Sunday, June 15, 2003

"Time Coupling" Doesn't Exist

Recently, several people in the web services circles have stated that, "synchronicity affects coupling". More specifically, the belief is that synchronous behavior creates a more tightly coupled scenario. Some refer to this concept as, "coupled in time". My belief is that, "time coupling" doesn't exist.

I believe that coupling deals with one participants desire to leverage pre-existing knowledge about another participant’s internals. For example, two services are tightly coupled if one service makes assumptions about another services data or logic that are not obtainable from the interface. Thus, service encapsulation is violated and the two services become more tightly coupled.

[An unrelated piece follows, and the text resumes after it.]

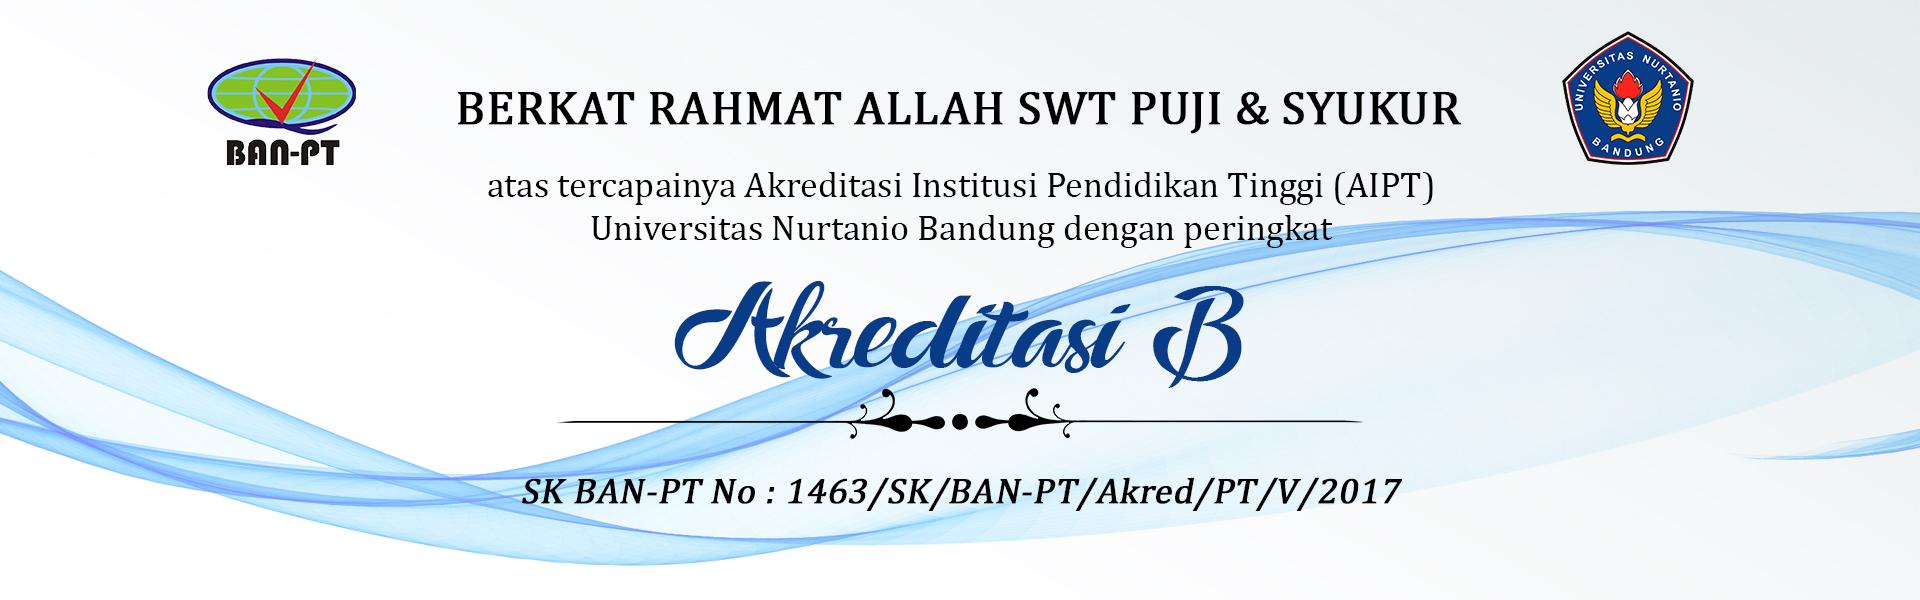 akreditasi-b

One of the coolest things about services is that they can be piped into an intermediary (another service) on the way to the destination. These intermediaries can do neat things like:
- switch the characters from ASCII to EBCDIC (data transformation)
- re-route the message (network transformation)
- switch from a synchronous protocol to an asynchronous protocol or vice versa (timing transformation)

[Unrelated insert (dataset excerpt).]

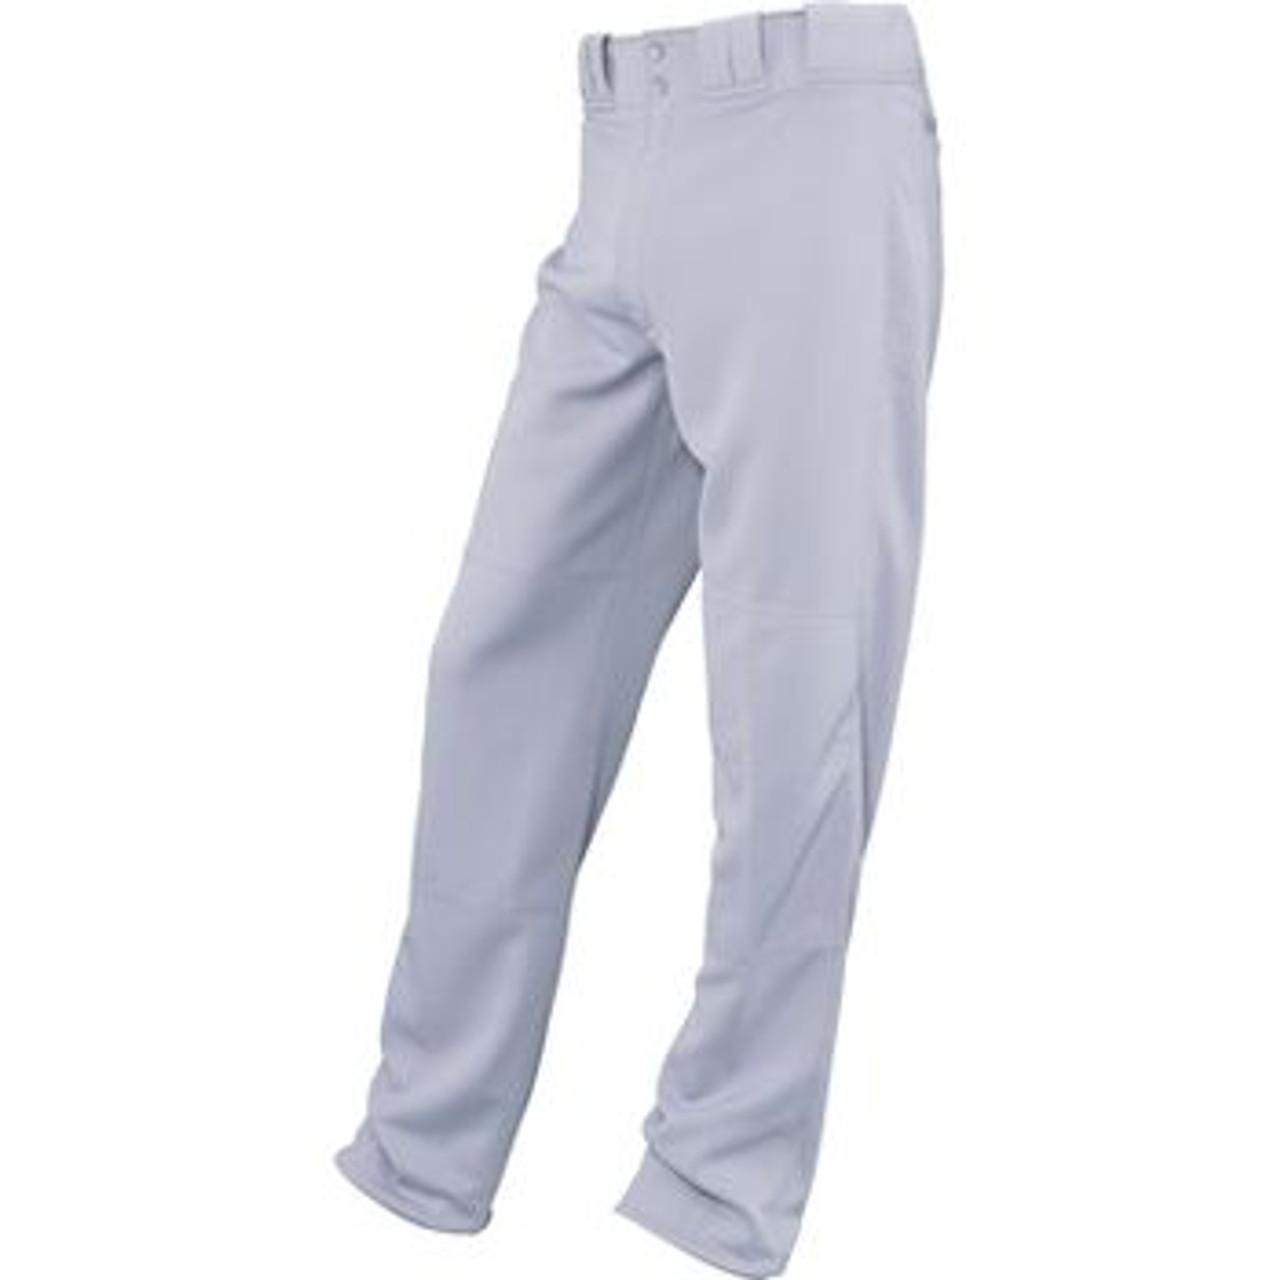 Easton Rival Adult Rival Baseball Pant Grey M

Items (data, routes, timing, etc.) that may be "morphed" or "transformed" en-route to delivery are not issues related to coupling. They exist between interfaces and do not violate encapsulation. In dealing with synchronicity one must be careful; it means different things to different people. For instance:

1. I made the call using an asynchronous protocol, but blocked for the result.
2. I made the call using a synchronous protocol; an intermediary picked it up (synchronicity facade), and re-sent it as an asynchronous message, then correlated it back to me.
3. I made the call using a synchronous protocol, but spun the call off in a new thread (client side handler), thus it didn't block.

So, a service may have stated that, "I use a synchronous HTTP only"... but the fact is the client (consumer) just plain didn't care. Synchronicity can be morphed because it lies outside of the encapsulation boundary. Synchronicity can be decoupled as a concern. In no way does synchronous behavior adversely affects the loose coupling of services. "Time Coupling" doesn't exist.